Le livre refermé (Les éditions Arcanes 17, mars 2016), je m’empresse de répondre, Claude, à la question que tu nous poses en conclusion : « Tu n’as pas perdu ton temps en rédigeant ces pages. » Instructives, stimulantes, donnant à penser, elles sont à la fois d’une lecture agréable et fort utiles.
C’est bien évidemment d’abord l’ouvrage d’un historien qui, retraité après quarante ans d’exercice professionnel, continue de se tenir informé des avancées de la recherche historique. Le néophyte y trouve matière à s’enrichir, le spécialiste en fait son miel.
Mais c’est aussi en historien et en « honnête homme » (au sens qu’on donnait à cette expression au XVIIe siècle) qui aime la musique et ne néglige pas l’entretien de son potager afin de régaler ses amis, qu’il nous dit son sentiment, ses coups de coeur, ses joies et (surtout ?) ses colères devant la marche – au bord du gouffre - du Monde en général et de la France en particulier. Il le fait en historien qui met ses observations en perspective dans le temps long, ce qui lui permet de mesurer la gravité de certaines évolutions et d’en relativiser d’autres. Ainsi de la progression de l’extrême-droite lepéniste qui s’inscrit dans une longue tradition française et se nourrit de la colère générée par la politique d’Hollande et de Valls et du découragement des électeurs de gauche qui s’abstiennent dans les élections.
Claude Mazauric formule ce diagnostic général : « Deux structures matricielles dominent en effet le jeu référentiel où Sarkozy puis Hollande, régnant sous la pression de l’extrême-droite, ont puisé les principes de leur action politique : la première structure référentielle nous soumet à ce que le pouvoir a lui-même qualifié de « politique de l’offre », la seconde résulte du fait que la majorité des Français parait désormais juger les individus qui résident en France ou souhaitent résider en France, non sur ce qu’ils font, c’est-à-dire sur leur pratique assumée, mais sur ce qu’ils sont supposés incarner » (P. 367).
La majorité des Français ? L’appréciation est peut-être un peu sévère. En tout état de cause elle a le mérite d’appeler notre attention sur le niveau auquel nous devons porter la lutte des idées et sur son ampleur. Cette analyse s’appuie sur un constat – que je partage – qui remet « en question le caractère universel de la protestation qui s’est exprimée le 11 janvier derrière le slogan impératif : « Je suis Charlie » comme s’il s’agissait d’un cri unanime prononcé par une France uniment rassemblée et solennelle. [... derrière la formule prétendument unanimiste et humaniste, nichait une vérité moins glorieuse. Une vérité d’ailleurs vivement ressentie hors de France dès la semaine suivant le 11 janvier : celle d’une véritable poussée, catastrophique pour l’avenir de la France, d’islamophobie, exprimée sous couvert d’un « laïcisme radical » qui est aux antipodes de ce qu’était la pensée laïque…de liberté pour tous les hommes et les femmes vivant en France…»(P.159)
Claude Mazauric est un jeune homme de 84 ans (nous avons le même âge) qui a des enthousiasmes et des emballements juvéniles.
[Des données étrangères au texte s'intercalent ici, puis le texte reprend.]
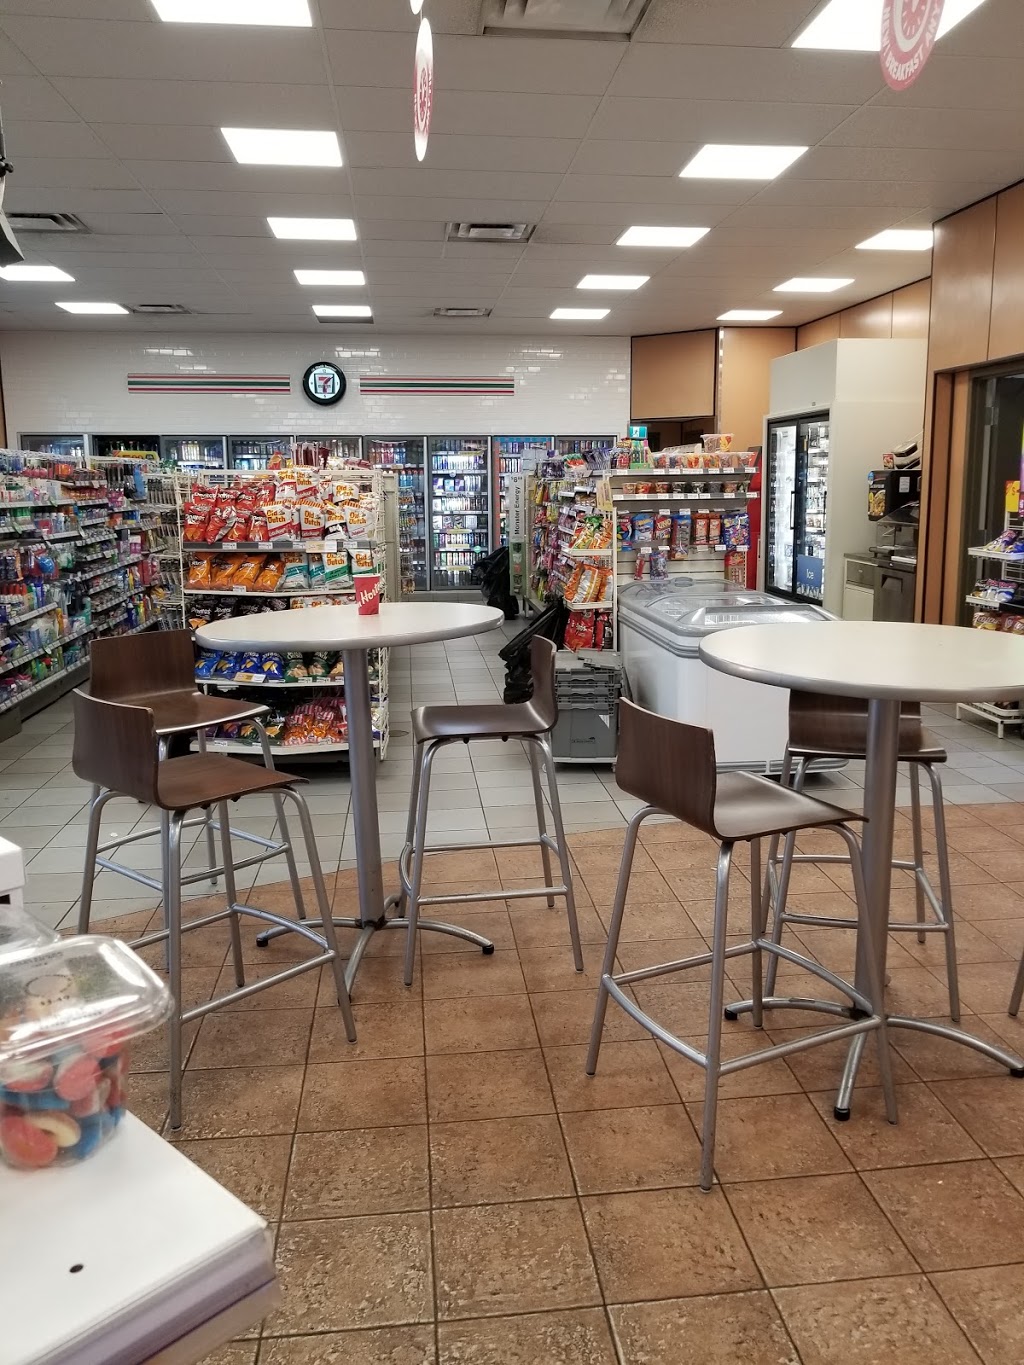 7/11 & tim Hortons Gas & Esso Gas Station | cafe | 16430 87 Ave NW, Edmonton, AB T5R 4H2, Canada

Il a la dent dure, mais juste, contre le couple Hollande-Valls qu’il qualifie de « politiciens sans principe » et des trouvailles réjouissantes comme celles de Microminus ou de Macromagnus pour habiller qui vous voyez. Son «affection » par contre pour Jean-Luc Mélenchon surprendra sûrement. Je lui sais gré, pour ma part, de s’employer à combler le fossé que nous avons laissé se créer entre notre candidat de 2012 et le Front de Gauche. L’avenir dira si nous y parviendrons. Il serait dommageable qu’il en soit autrement.
Merci Claude pour cette contribution à la réflexion et aux combats politiques d’aujourd’hui.